The data Start Marker
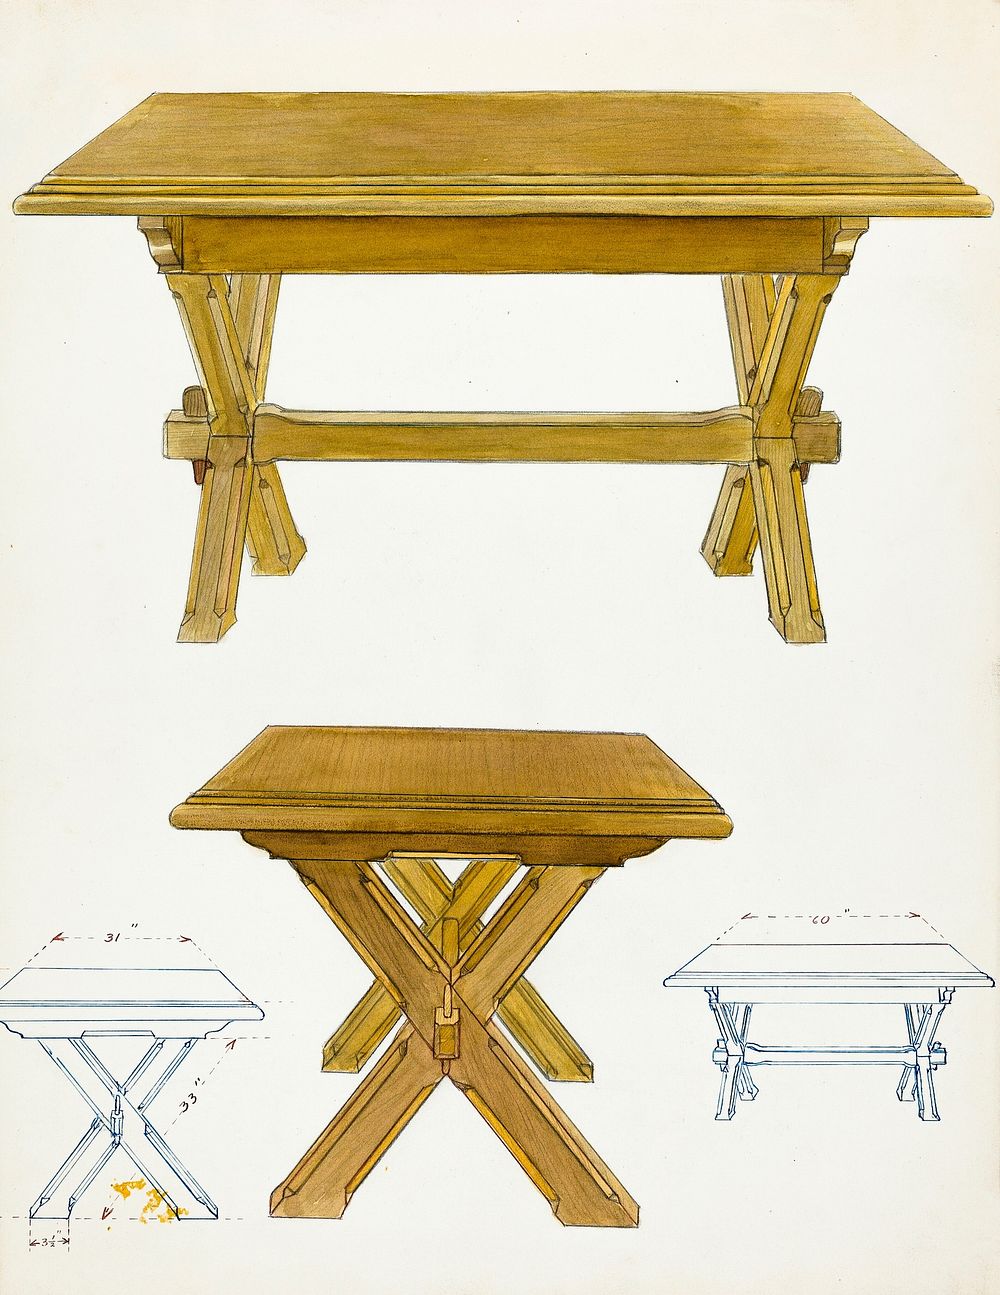 Pa. German Trestle Table (c. 1936) by Lawrence Porth. Original from The National Gallery of Art. Digitally enhanced by…
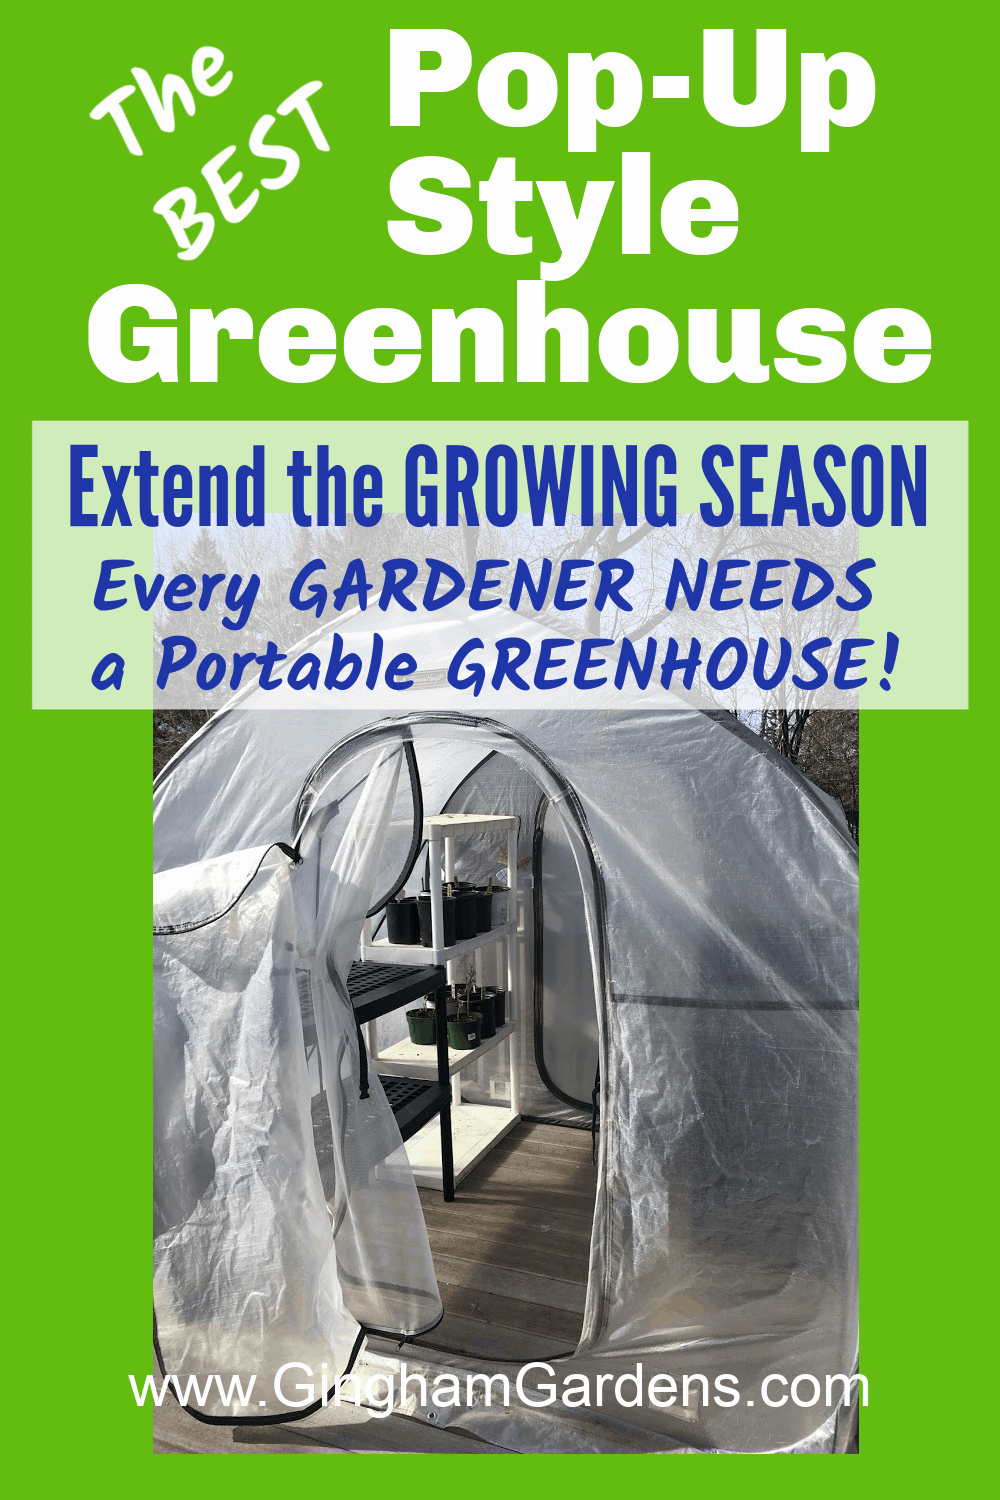 Image of a pop-up greenhouse with text overlay - the best pop-up style greenhouse
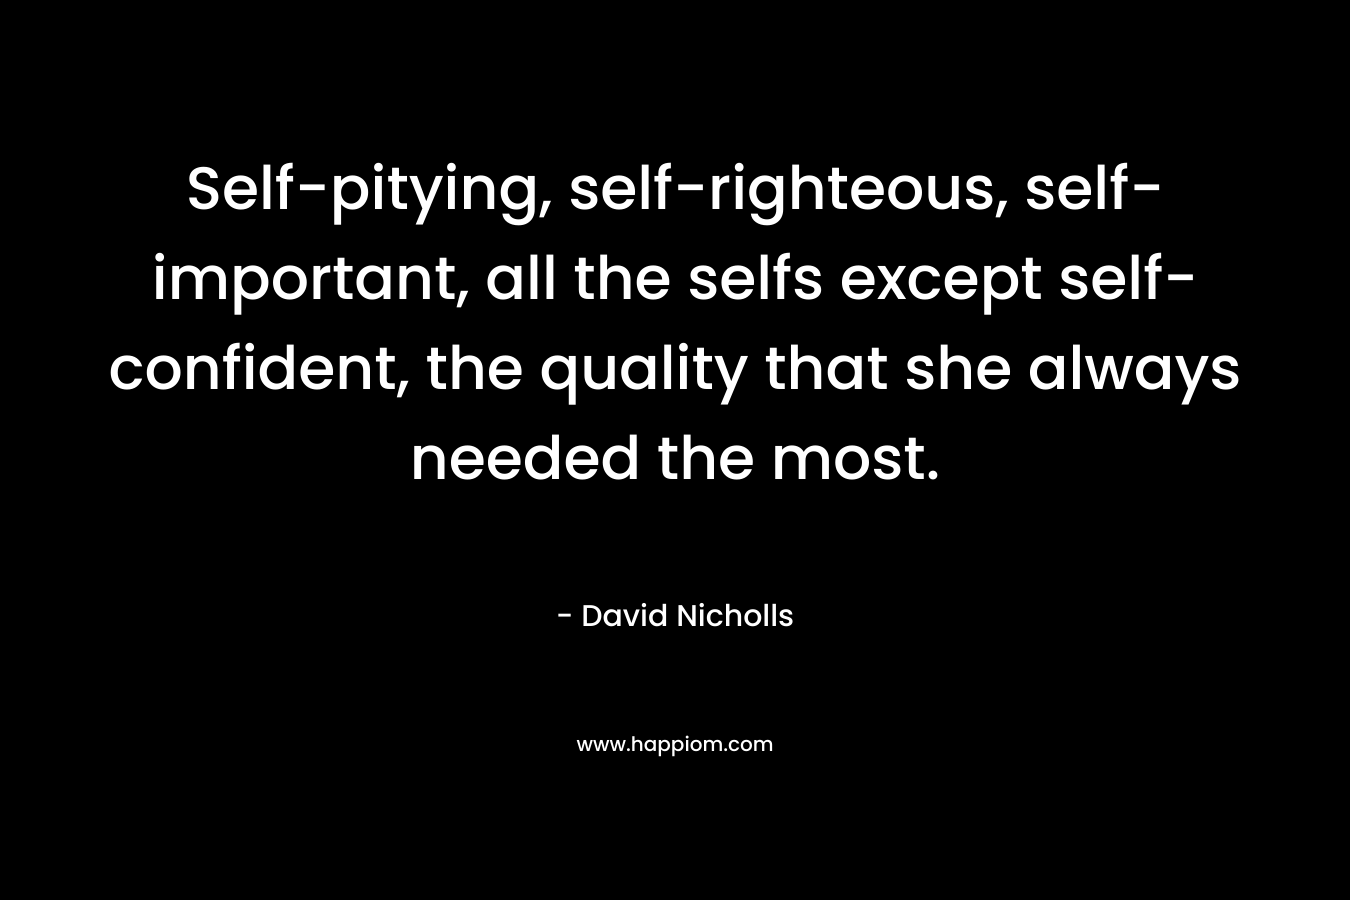 Self-pitying, self-righteous, self-important, all the selfs except self-confident, the quality that she always needed the most. – David Nicholls
The data End Marker
§ **Task details**: Repeat only the lines from the one with "Image of a pop-up" through the end of the data, both included and exactly as written. Pictures stay out of the copy.

§ **Answer below**:
 Image of a pop-up greenhouse with text overlay - the best pop-up style greenhouse
 Self-pitying, self-righteous, self-important, all the selfs except self-confident, the quality that she always needed the most. – David Nicholls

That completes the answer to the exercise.